Discoveries on the Path to Enlightenment

When Ken went on to talk about developing a game, he pointed out an important lesson, or set of lessons found on the way to completion. The main lesson to take away is this: Make everything you feel is important into the game. Not everything will survive until the final cut, but starting with the most ideas will ensure that the best will bubble to the top.

Ken’s Suggestions for building the best gaming experience possible:

  • build 400%
  • archive 350%
  • develop all remaining into 100% awesome!!!

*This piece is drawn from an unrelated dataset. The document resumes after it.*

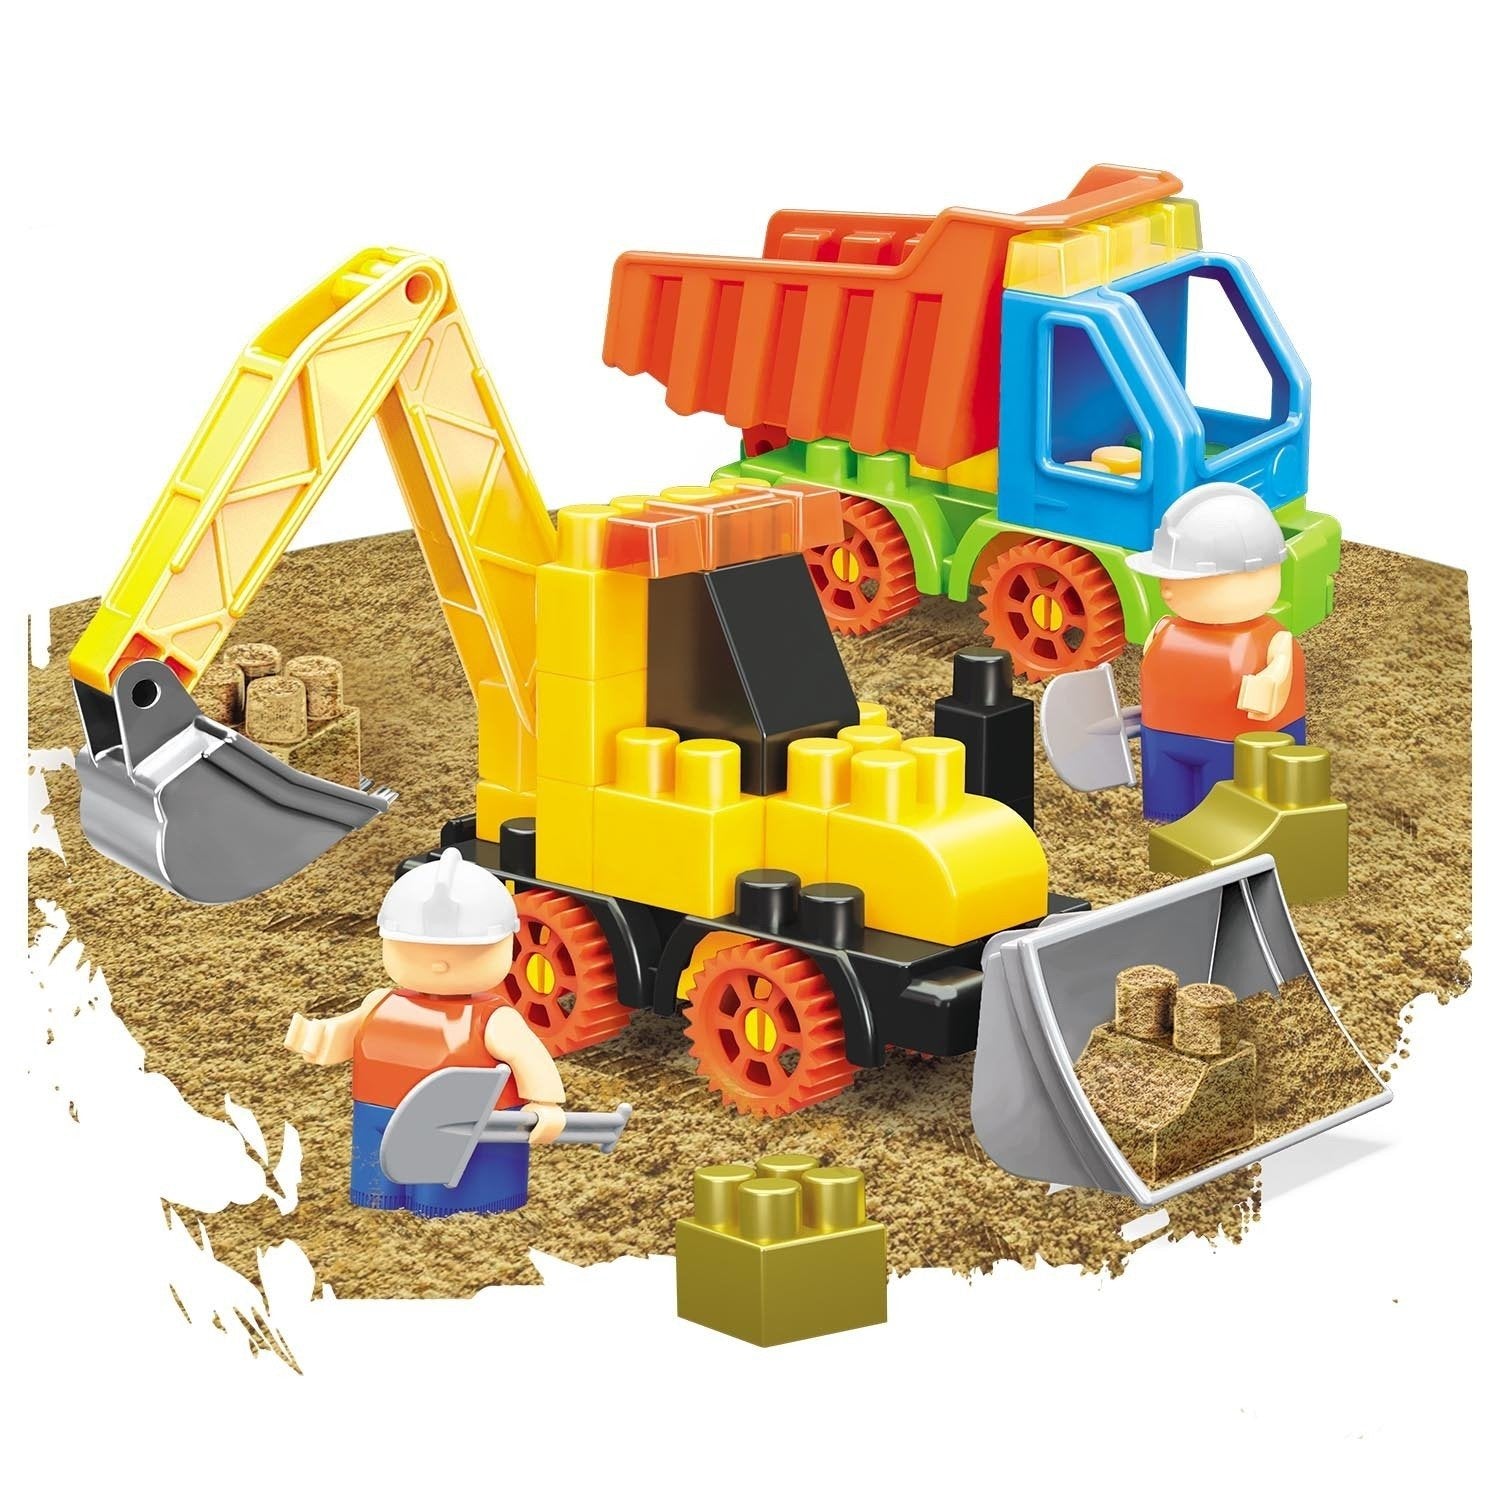 Kids Bauer Construction Vehicles Building Brick Blocks with Dynamic Sand Toy
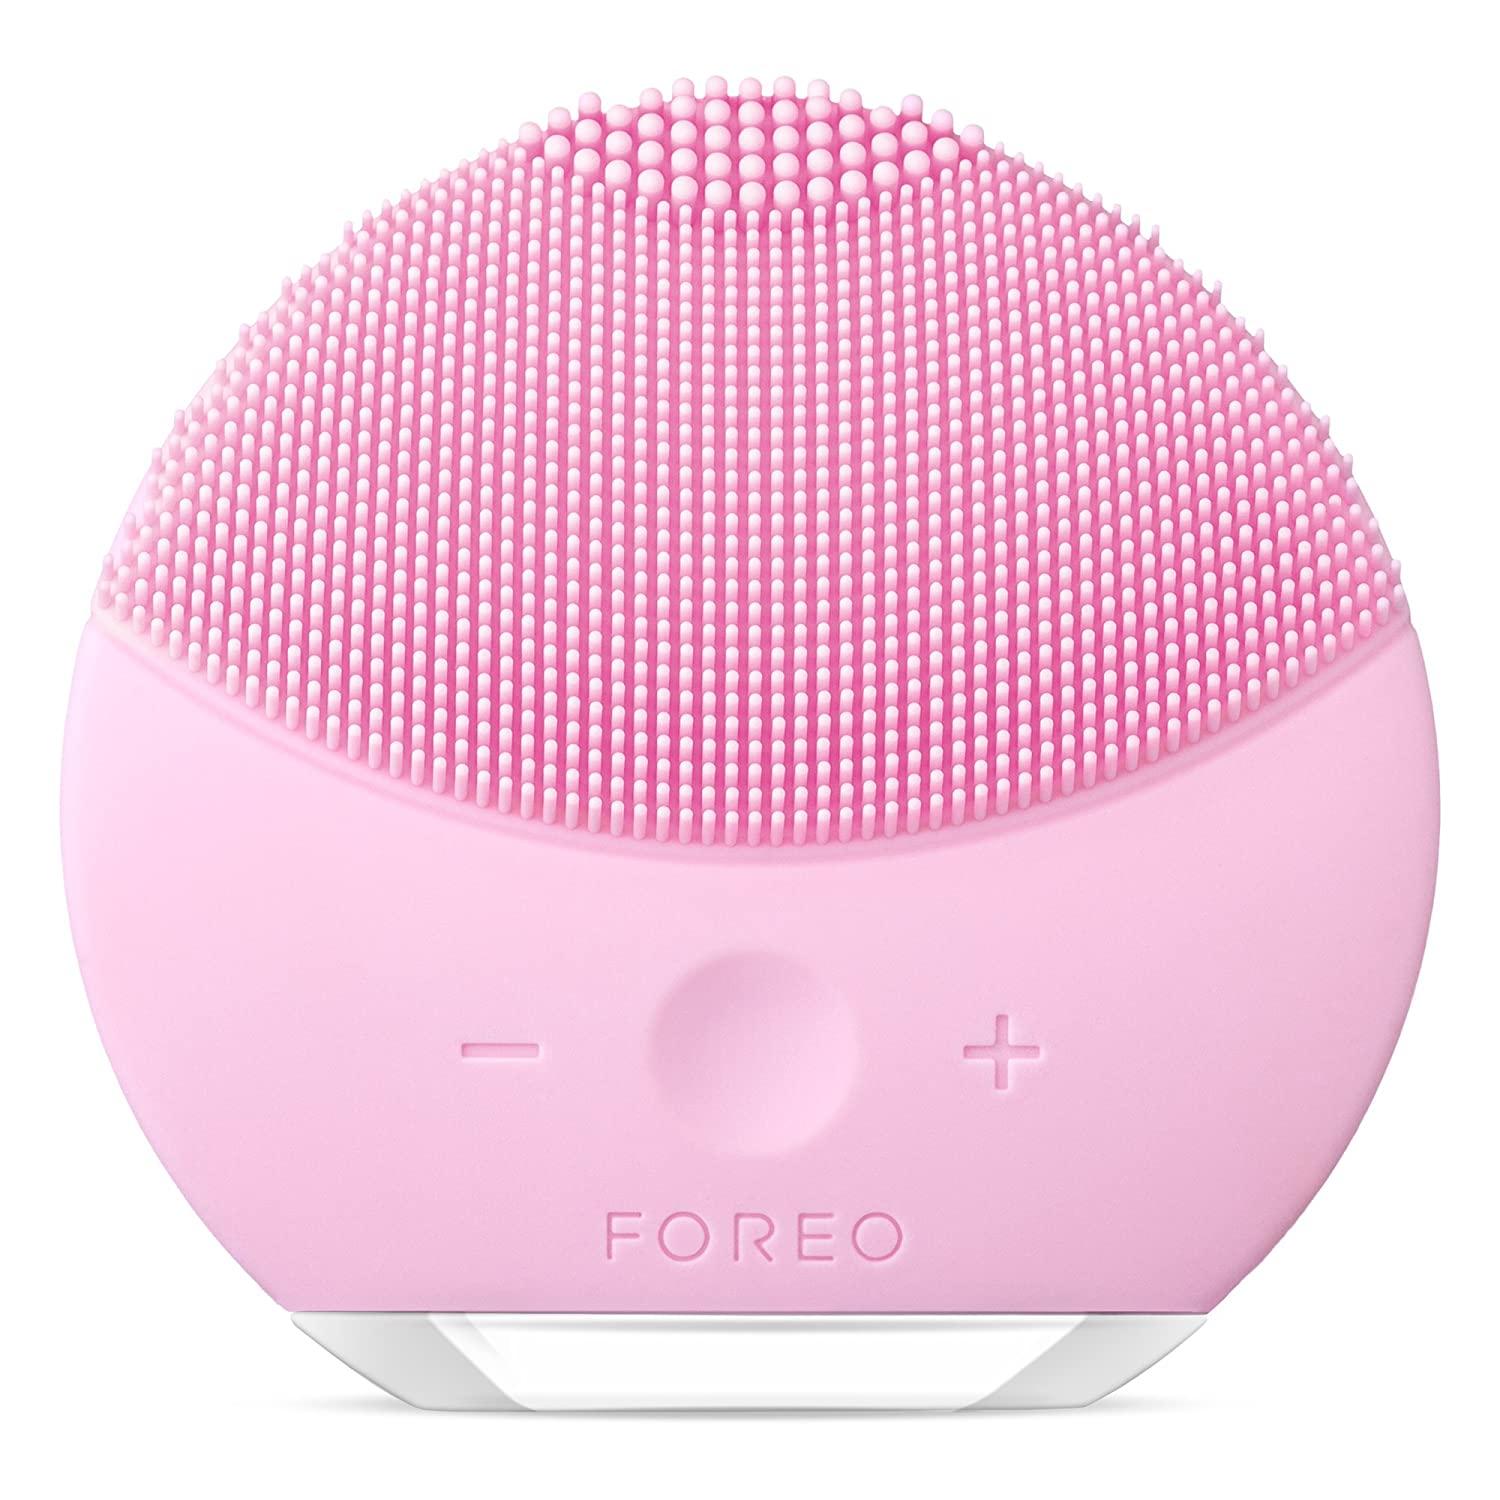 Foreo Luna mini 2 Facial Cleansing Brush for $89.25 Shipped

In short, build 4 times as much material, 4 times as much story, 4 times as much environments, 4 times as many items, etc. From this, trim out any extranneous material, any slow-moving materials, and unneeded storylines. When only the best of the best is left, expand, expound, improve, and increase this remaining 50% into 100% awesome materials.

unanticipated lessons and benefits: like surviving in the wilderness

Brown bag festival

  1. Test pitch on gamers- By inviting all the gamers, we were able to test the pitches on actual gamers
  2. Gauge trends- See how many game types are re-occuring trends in the minds of gamers
  3. Share process with studio- the whole staff gets to be involved and excited about the games
  4. Celebrate creativity- everyone presenting feels important
  5. Reward initiative and commitment- Those who are active staff members are rewarded for their efforts
  6. Public display of studio mission- the public gets to see your level of excitement and interest in fames

Literature is the sum of the text and the response of the reader!

so…

Final Word: Presenting to the money men

In the end, its all about the premise and powerpoint. But, having our materials presented to the entire staff generated the FAQ- questions which would be about what the executive WANTS to hear. And then you can answer those things. If you could promote to friends, and answer all FAQ they have in an effort to prepare the FAQ for executives, you’ll be gold. If you can answer 3 questions in a row, they know you’re smart, you’ve thought about the product and the process, and you’re a good bet..

The visionary genious must answer each and every question when presenting the materials. The presentation is a way to get executive and user questions, they are different even with studio folks. Have those 3 great answers to win

Last word: Ron Kelton suggests you always use the word “freshness” instead of innovation.